Nugent Sand Co. History
Nugent Sand Co. produces high-quality ASTM and DOT-approved specification sand and gravel in Kentucky, Indiana, Ohio, West Virginia and Pennsylvania.
The Nugent family began mining sand for commercial use in 1896 as W.F. Nugent & Bros. and incorporated in 1908 as Nugent Sand Co. It continues to be majority owned and operated by the third generation of Nugents and by two German partners, Bernhard Oppermann and Herman Wegener, who have sand, gravel, stone, ready mix concrete and asphalt construction interests in Europe.
In the early years, Nugent dug sand and gravel from the Ohio River near downtown Louisville, Ky., and loaded it into wooden barges, which were then towed by steam powered paddle-wheel boats to its docks at 5th Street and 33rd Street. The barges were unloaded with a steam shovel. Deliveries were made by horse-drawn wagons.
Later the company moved to the foot of Clay Street in Louisville, Ky., and its operations modernized as the steam-powered equipment became diesel powered, the barges and boats became steel instead of wood, and deliveries began to be made by truck and rail instead of by wagon.
Nugent moved to its present Louisville location at 1833 River Road in 1963. In 1984 Nugent merged with a competitor owned by German investors, the E.T. Slider Co. In 1987, Nugent purchased Martin Marietta’s First Street Yard in Louisville and its Milton/Carrollton plant, doubling its sales volume.

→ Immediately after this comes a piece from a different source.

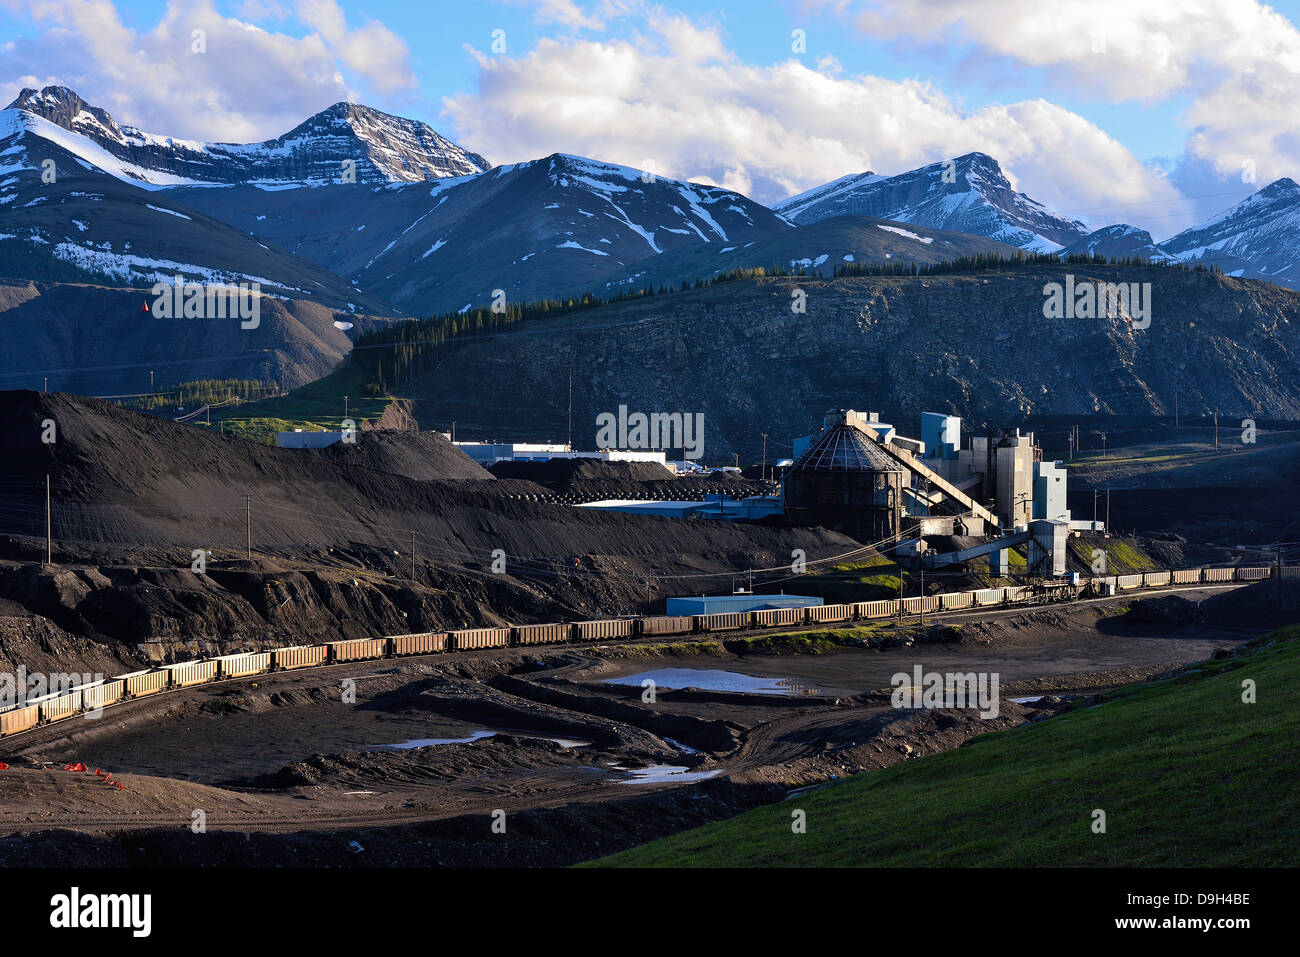 A coal processing plant nestled in the rocky mountains of Alberta Canada near the town of Hinton. Stock Photo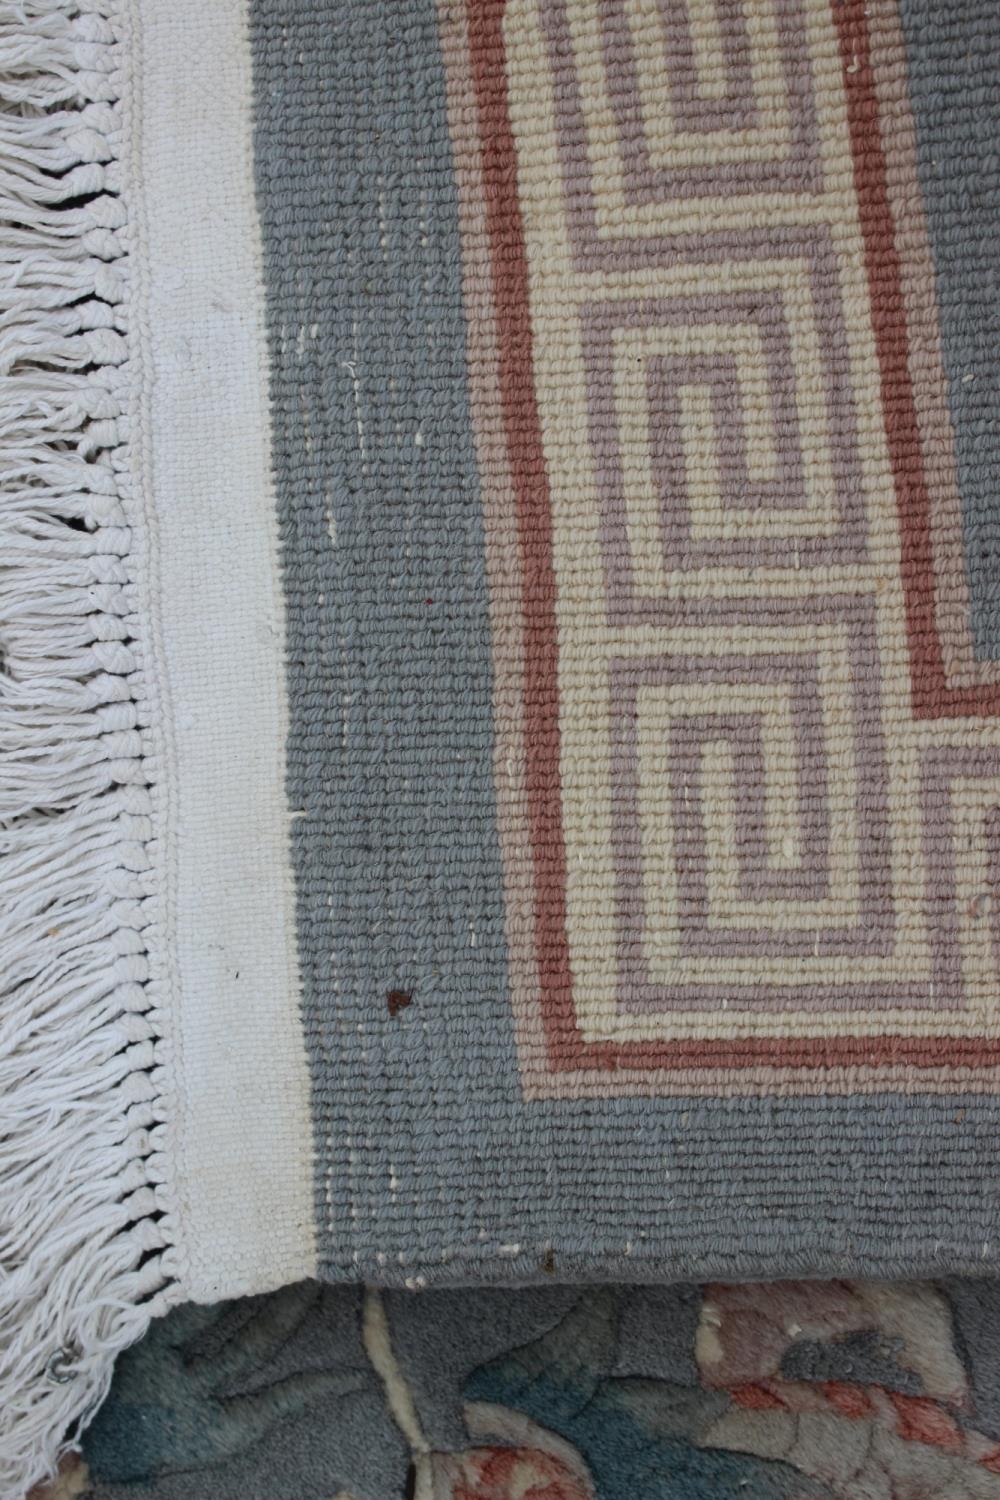 A Chinese contour pile rug with dragon design on a grey ground, 75" x 49" - Image 3 of 3

Nugent purchased Billy Holloway Aggregates in 1990; Milton Sand and Gravel (1992); and Spray Sand and Gravel in Columbus, Ind. (1994). In 2001, Nugent opened a dock and sales yard at Utica, Ind., and in 2002, a 580-acre sand and gravel plant in Warsaw, Ky. In 2005, the company began shipping sand by rail from its Louisville yard to a distribution yard in Lexington, Ky.
Today, Nugent Sand Co. is one of the largest producers of construction aggregates in the Ohio River Valley. Nugent distributes sand and gravel by barge from its land based pit at Milton/Carrollton, Kentucky to Cincinnati, Ohio and Huntington and Charleston, W.Va.
Sand and gravel from the Louisville area is dredged from farms adjacent the Ohio River at Bethlehem Ind., is processed and loaded into barges and towed to the Louisville, Ky., and Utica, Ind., sales yards where it is unloaded and distributed by truck in the local Kentucky/Indiana area and south on I-65 and east on I-64. At its Louisville location, sand is also loaded on railcars and shipped to a distribution yard serving the Lexington, Ky., market area. Its Warsaw plant serves the northern Kentucky market.